Она была в брюках. (В других, отметил он, брюках.) В шелковой кофте с плечами. Волосы она забрала сзади в крысиный хвостик резинкой. (Отросли, отметил писатель. Уже можно забирать их в один хвостик.) Серьезное лицо без мейкапа. Грустное и злое лицо.
— Я думаю, Наталья, что тебе неудобно жить со мной. Я думаю, что тебе нужен другой человек, мужчина, который — ты, может быть, знаешь строчки Блока — «…любит землю и небо больше, чем рифмованные и нерифмованные речи о земле и о небе». Я тебе не подхожу. И прошедшая ночь наглядно подтверждает это. Нам следует расстаться. Я хотел бы, чтобы ты как можно скорее нашла себе квартиру. Разумеется, я знаю, что уйти тебе некуда, потому я готов подождать, пока ты начнешь работать в кабаре и у тебя появятся деньги, чтобы снять квартиру… Но…
Он хотел сказать, что спать вместе они больше не будут, но вместо этого сказал:
— Разумеется, прежних отношений между нами быть не может. — И отхлебнул зеленого чаю — строгий, узкогубый, напоминающий себе отца, когда тот, раз в месяц, проводил с ним — мальчишкой, шпаненком — «последние» и «серьезные» разговоры.
Вызванная на собеседование заключенная, слепо нашаривая спички, закурила, глядя куда-то за плечо писателя-Макаренко. Закурила и пустила между собой и писателем дымовую завесу… Выждав некоторое количество минут, раздраженный молчанием писатель спросил:
— Ну, и что ты молчишь? Что ты об этом думаешь?

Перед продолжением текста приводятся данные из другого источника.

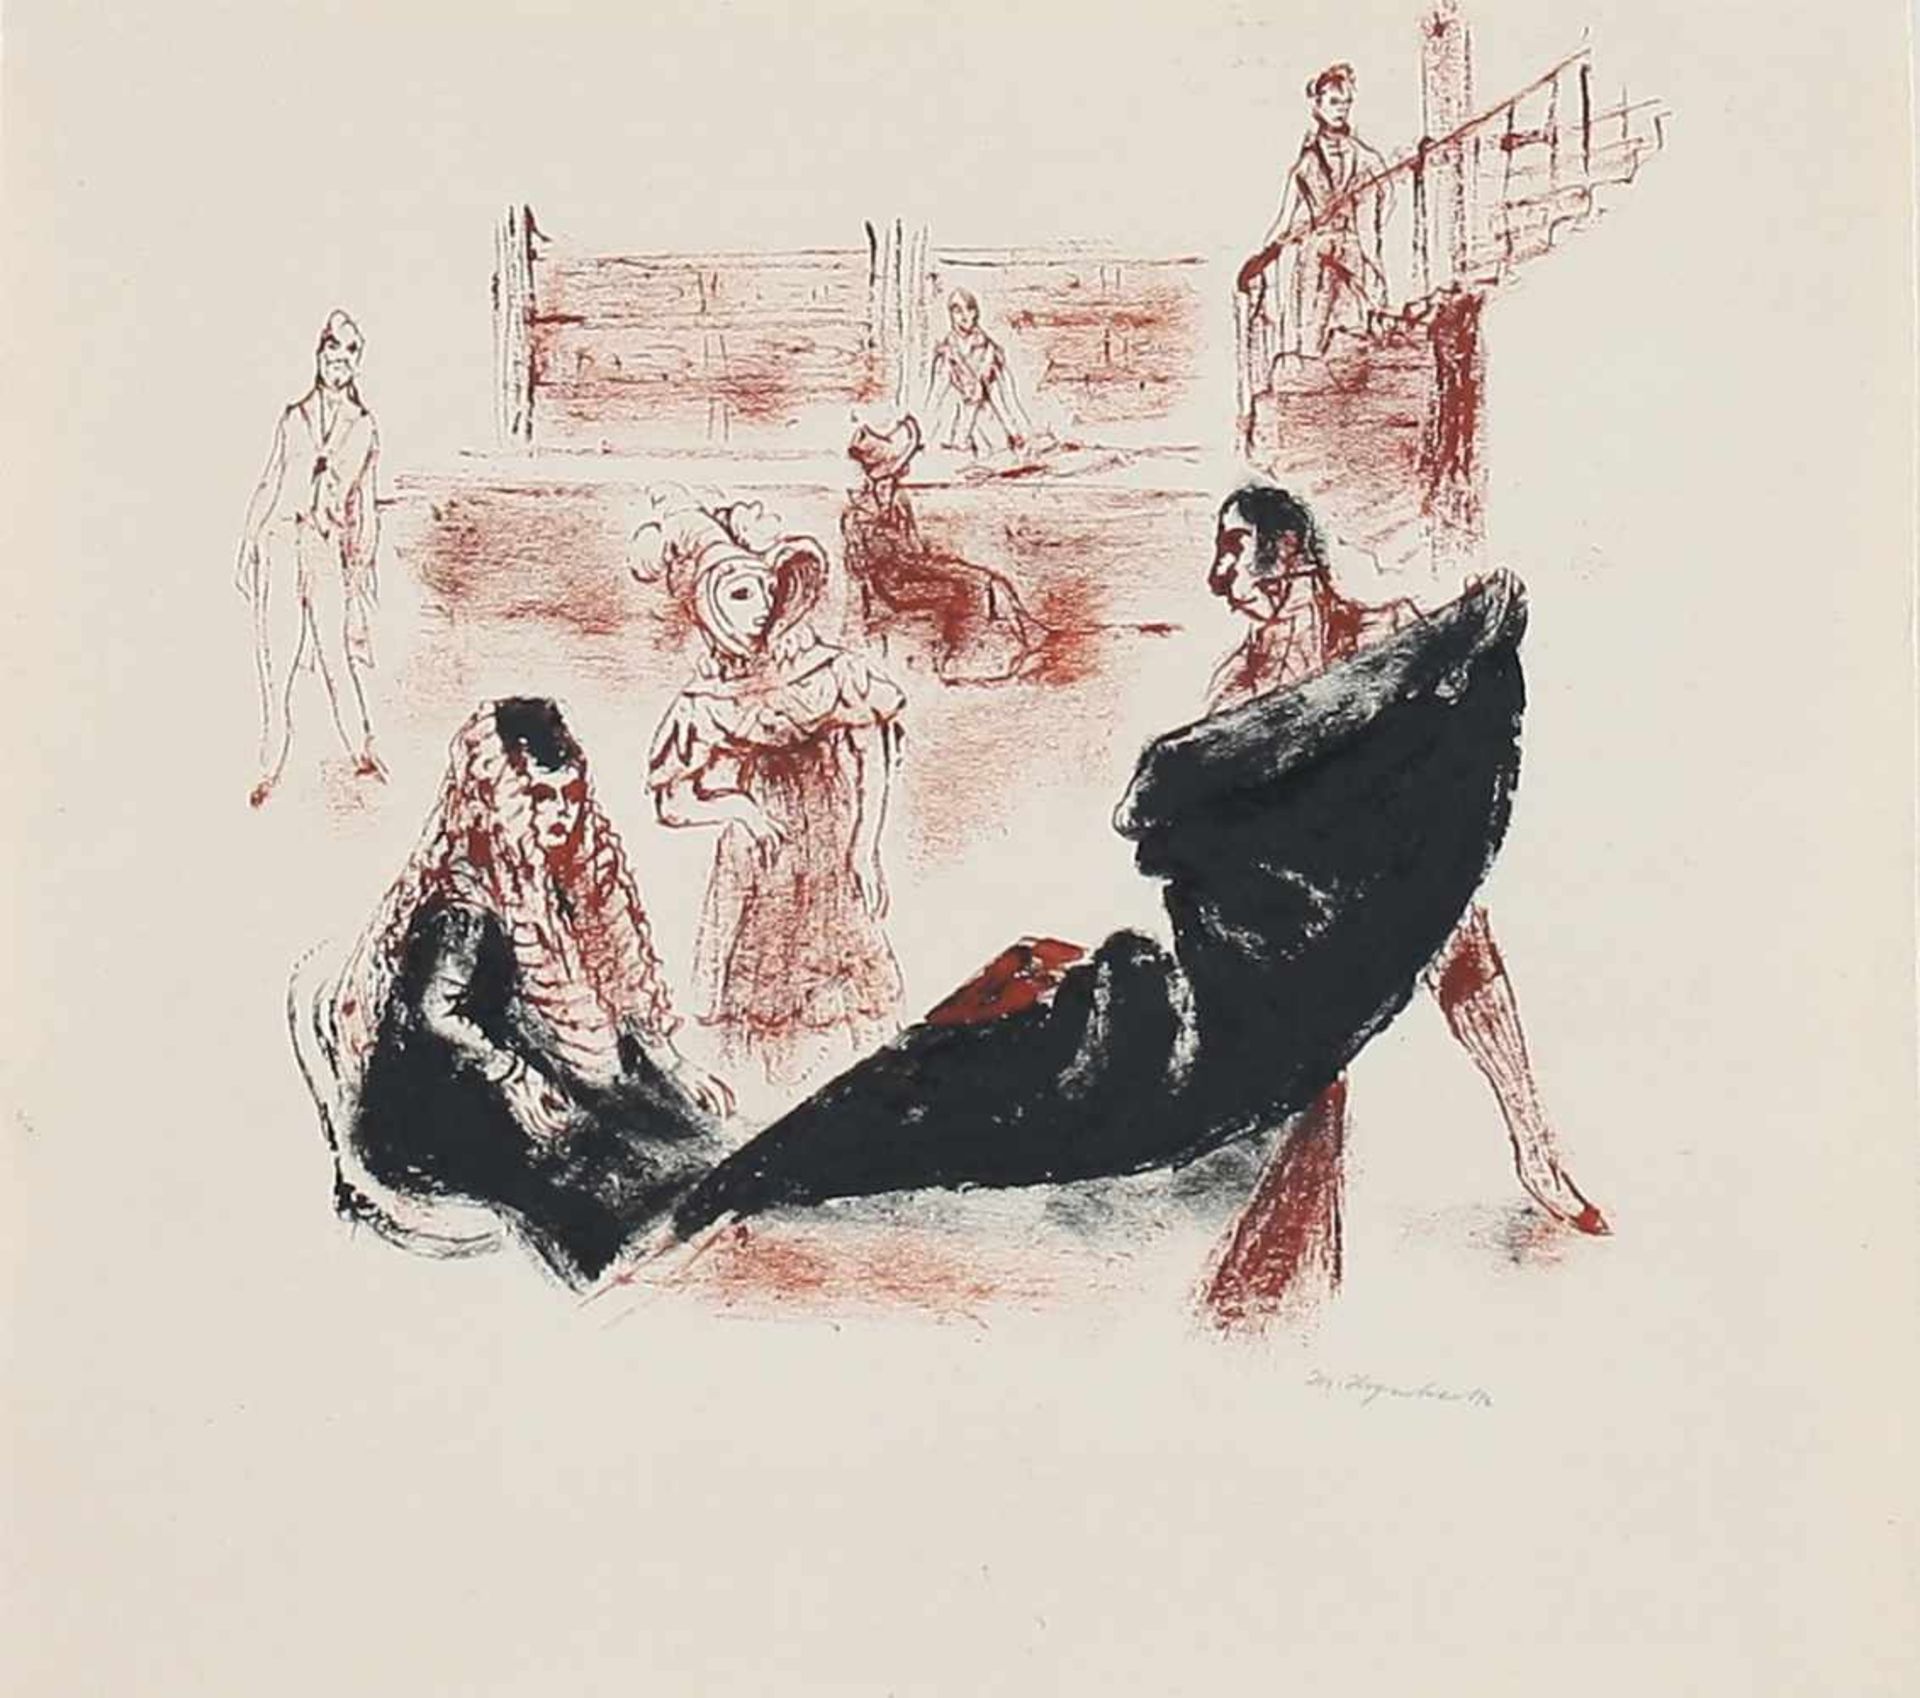 Hegenbarth, Josef Farbige Pinselzeichnung/ Papier. Illustration zu "Beichte auf Zimmer 13" von Eça

Она, все так же глядя поверх его левого плеча, выдохнув дым, сказала:
— Хорошо. Я уйду.
Встала. Надела ненавистную ему куртку и ушла.
Она отсутствовала, может быть, час, и все это время писателю было очень грустно. По прошествии часа он забеспокоился и даже подумал: «Как бы Наташка чего-нибудь с собой не сотворила. Не бросилась бы в грязную и холодную Сену или же не рванулась бы навстречу поезду метро…» Не из-за того, что теряет его. Он вовсе не верил, что он так уж ценен, так уж много стоит. А в результате депрессии. Из-за того, что ночью с ней случилось что-то, что может быть гадко Наташке сейчас, от одиночества, оттого, что у нее никого нет в этом городе, даже единого друга нет.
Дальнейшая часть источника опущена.